La position de François sur le conflit poursuit la position de longue date des papes : de Benoît XV qui, en 1917, qualifiait la guerre de "boucherie inutile", à Pie XII et au pape Wojtyla. La guerre est "une défaite face aux forces du mal" (Bergoglio) : le Saint-Siège ne raisonne pas comme un tribunal international, mais cherche le chemin de la paix. Cette position a toujours suscité des critiques (à l'égard de Wojtyla pour son opposition aux guerres du Golfe), mais elle constitue une présence originale et constructive sur la scène mondiale. Elle correspond à la nature du catholicisme, international, avec des fidèles présents dans presque tous les pays du monde. La "primauté de la paix" découle de cette structuration, ainsi que de raisons morales et de l'expérience séculaire.

Dans le cas de l'Ukraine, François montre que cette position n'est pas impassible à l'égard d'un peuple qu'il qualifie de "martyr". Il a pris l'initiative d'envoyer le cardinal Zuppi, chef d'une grande conférence épiscopale européenne, dans les capitales ukrainienne et russe, pour un contact direct et une proximité avec le drame du conflit. À Kiev, le cardinal a rencontré le président Zelensky en juin 2023. À Moscou, il s'est entretenu avec le conseiller en politique étrangère du président russe, M. Ushakov, et avec le patriarche Kirill.

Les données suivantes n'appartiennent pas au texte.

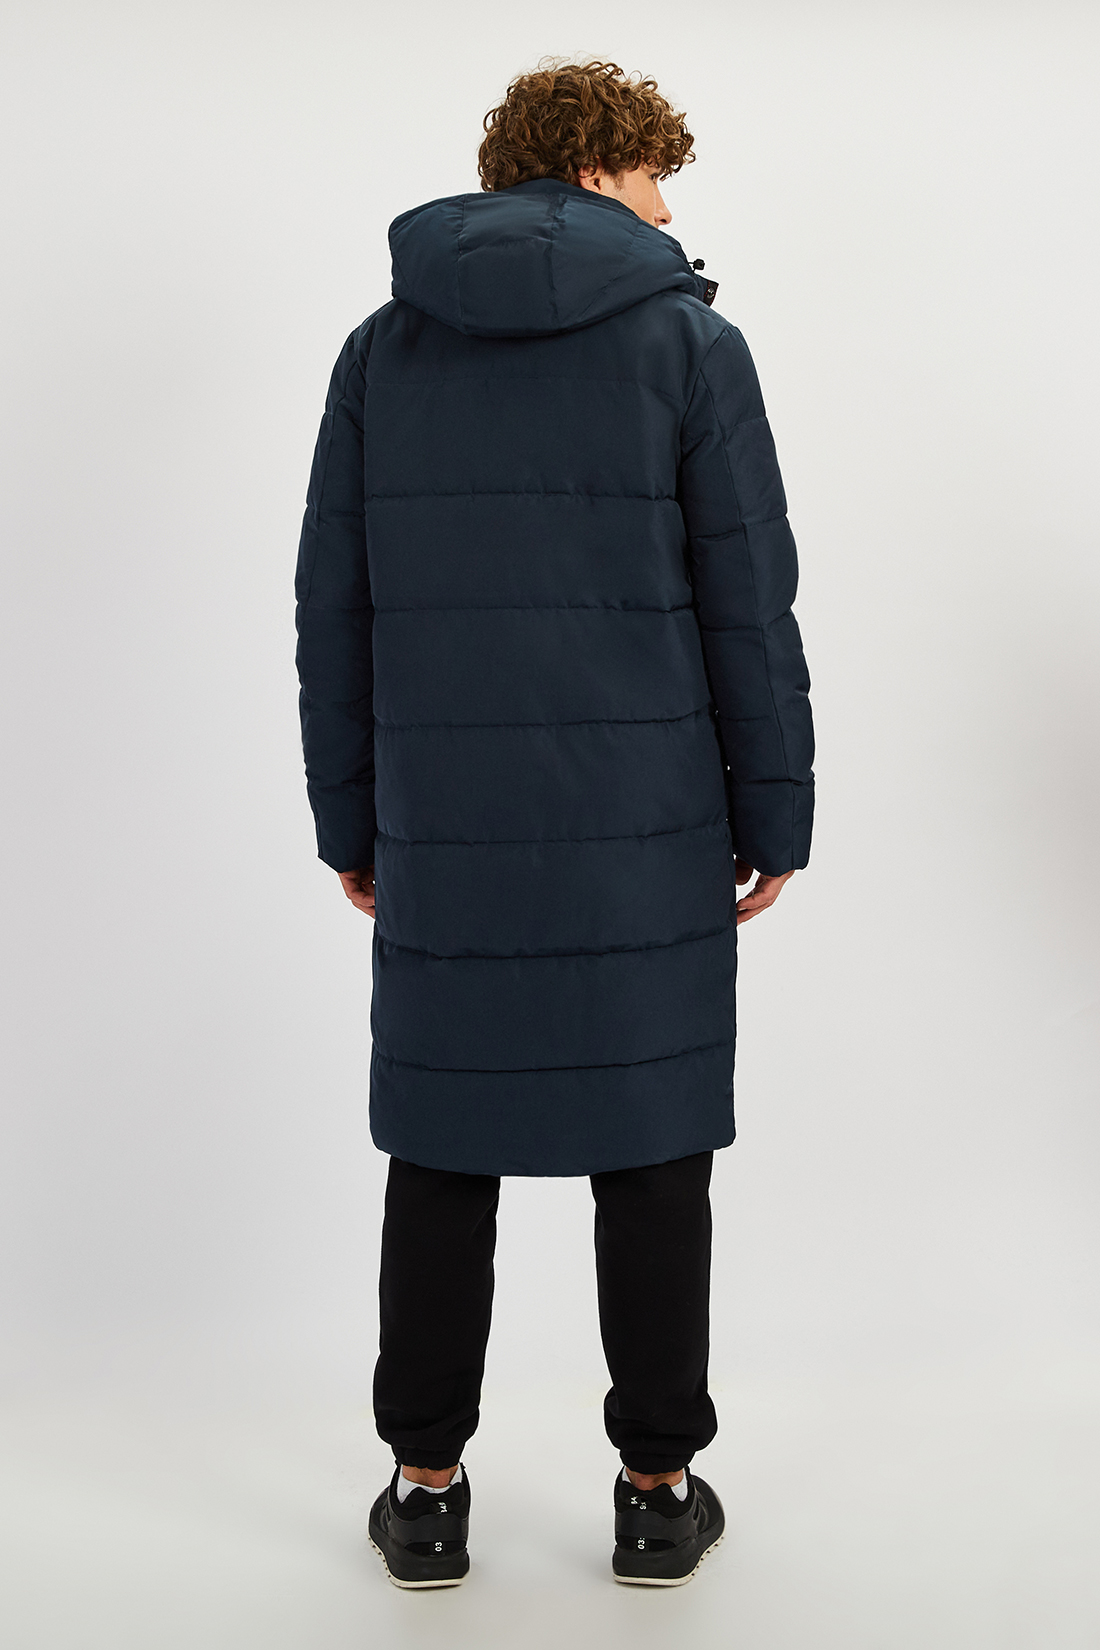 Длинная куртка (эко пух) (арт. baon B541506), размер M, цвет синий Длинная куртка (эко пух) (арт. baon B541506) - фото 2

Ce que François a appelé "l'offensive de paix" s'est étendue à Washington, où le cardinal Zuppi a rencontré le président Biden, et à Pékin, où il s'est entretenu avec les autorités chinoises (les contacts sino-vaticans avaient jusqu'alors été principalement axés sur la situation de l'Église en Chine).

L'attention humanitaire n'a pas manqué. Un mécanisme a été mis en place, qui a donné de premiers résultats, pour identifier et rappatrier les mineurs ukrainiens emmenés en Russie. Mais au-delà de l'aspect humanitaire, auquel le Saint-Siège a notamment travaillé avec l'échange de prisonniers, la mission Zuppi a ouvert un canal de communication que seuls la Turquie ou les pays du Golfe possédaient. Par ce biais, le message est passé que, malgré la guerre qui fait rage, l'espoir d'un dialogue n'est pas abandonné. En outre, l'action de l'Église est désormais appréciée positivement par l'Ukraine, comme le montrent les récentes reconnaissances du gouvernement aux cardinaux Parolin et Zuppi.

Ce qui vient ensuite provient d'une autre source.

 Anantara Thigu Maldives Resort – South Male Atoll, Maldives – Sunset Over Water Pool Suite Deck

Le scepticisme de certains milieux occidentaux ou ecclésiastiques à l'égard du pape ou de la mission de Zuppi découle de la difficulté à comprendre ceux qui ne chantent pas à l'unisson ou contre le choeur. Il témoigne d'une méconnaissance fondamentale du Vatican qui, même en tant que réalité en Europe, a toujours représenté un tiers impartial ou une alternative à la guerre. Il a une valeur à long terme, en créant des espaces et des opportunités. C'est une valeur que les États-Unis de Roosevelt ont parfaitement comprise pendant la Seconde Guerre mondiale.

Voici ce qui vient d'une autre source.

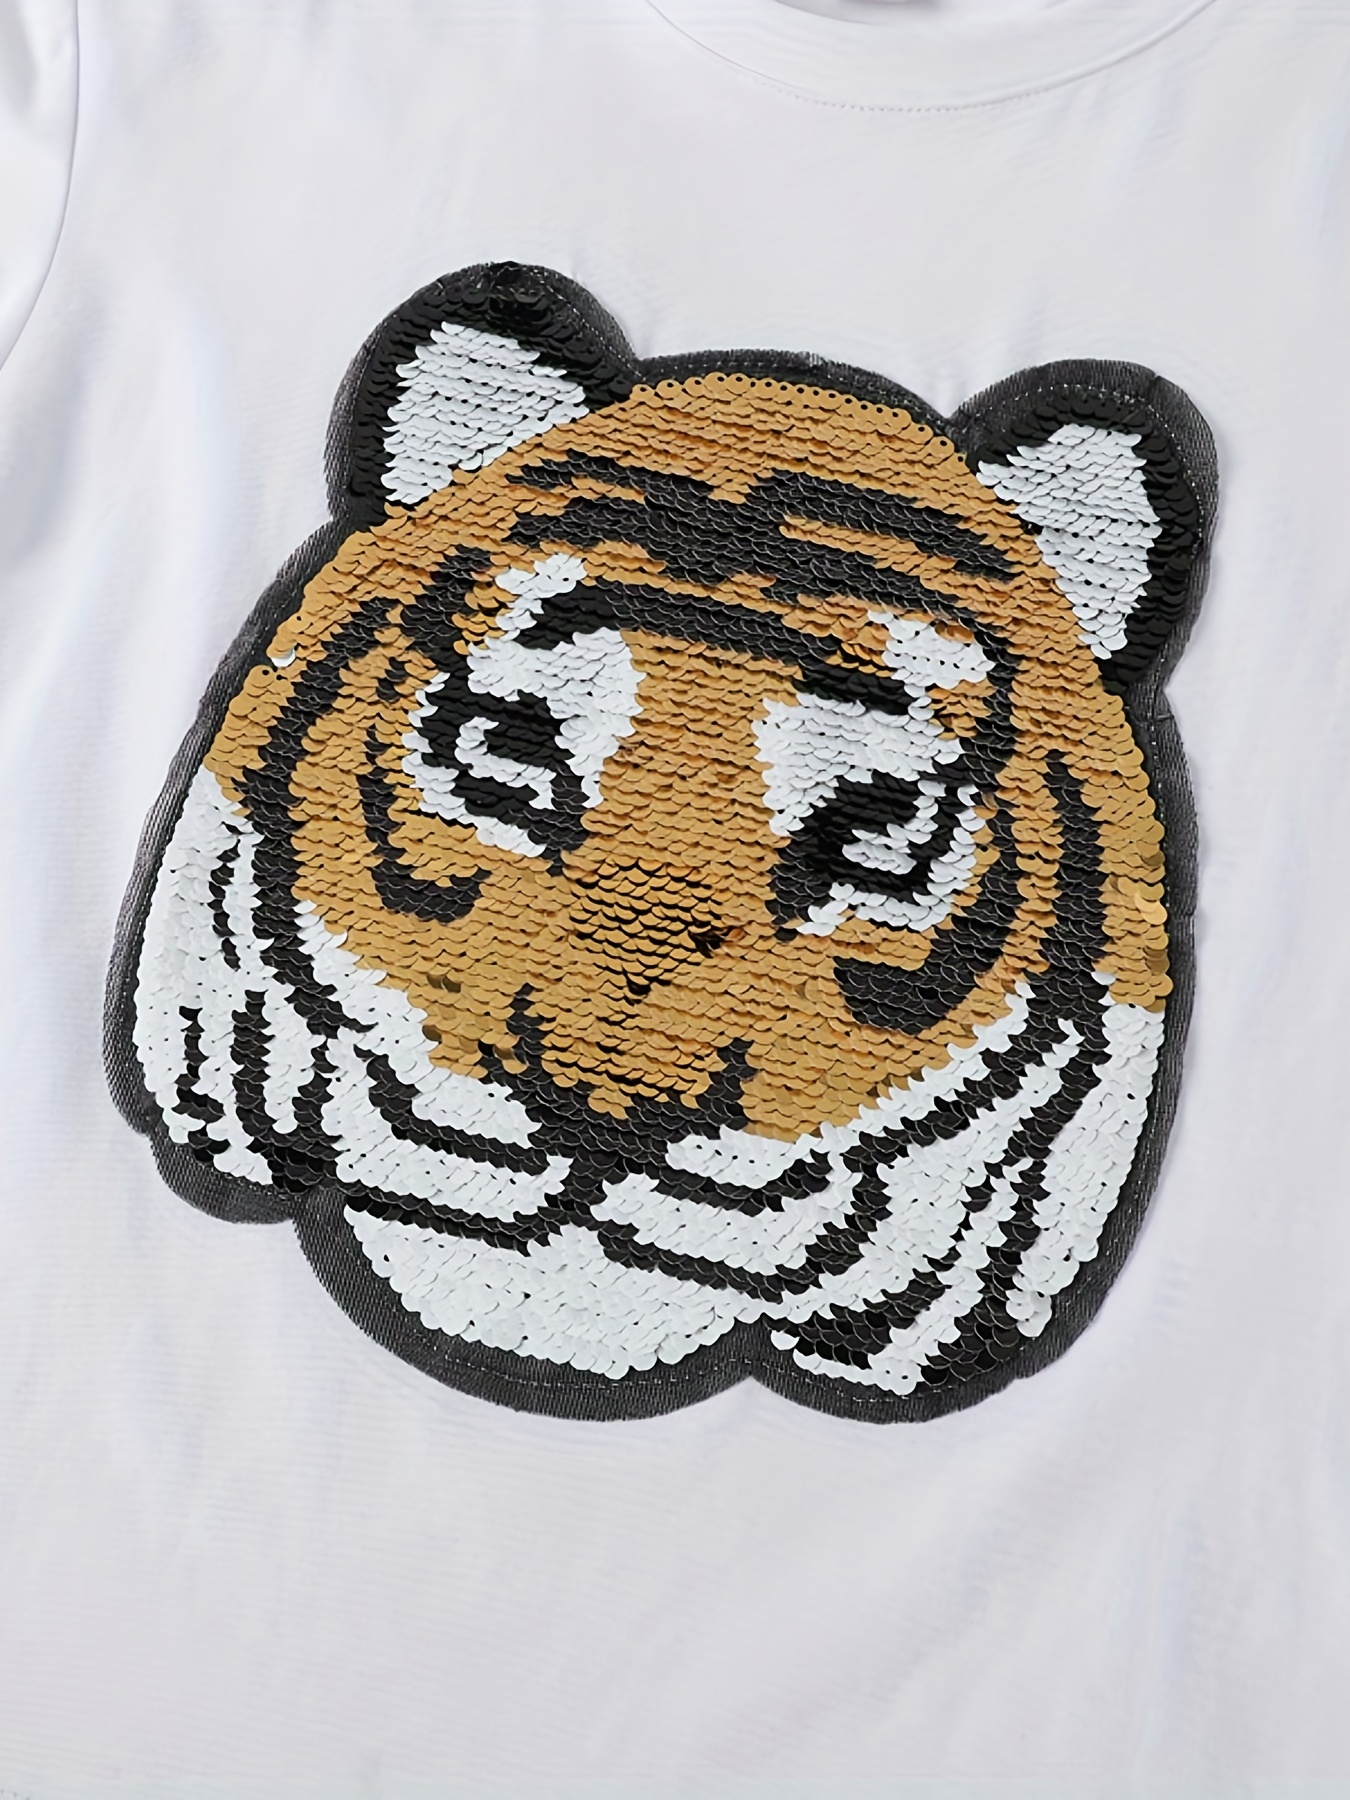 White Sequin Tiger T-Shirt - kids atelier

Le scepticisme est peut-être aussi le produit d'une culture dans laquelle il est difficile d'imaginer un avenir autre que la guerre. Mais alors, s'agira-t-il d'une guerre plus étendue ? L'agression russe, dans sa gravité, a érodé la confiance dans le dialogue ; or précisément à cause de cela, l'intervention d'acteurs tels que le Vatican peut s'avérer pertinente afin que l'avenir ne conduisent pas à l'abandon tragique de l'Ukraine (la "doctrine" Trump) ou à une guerre plus vaste.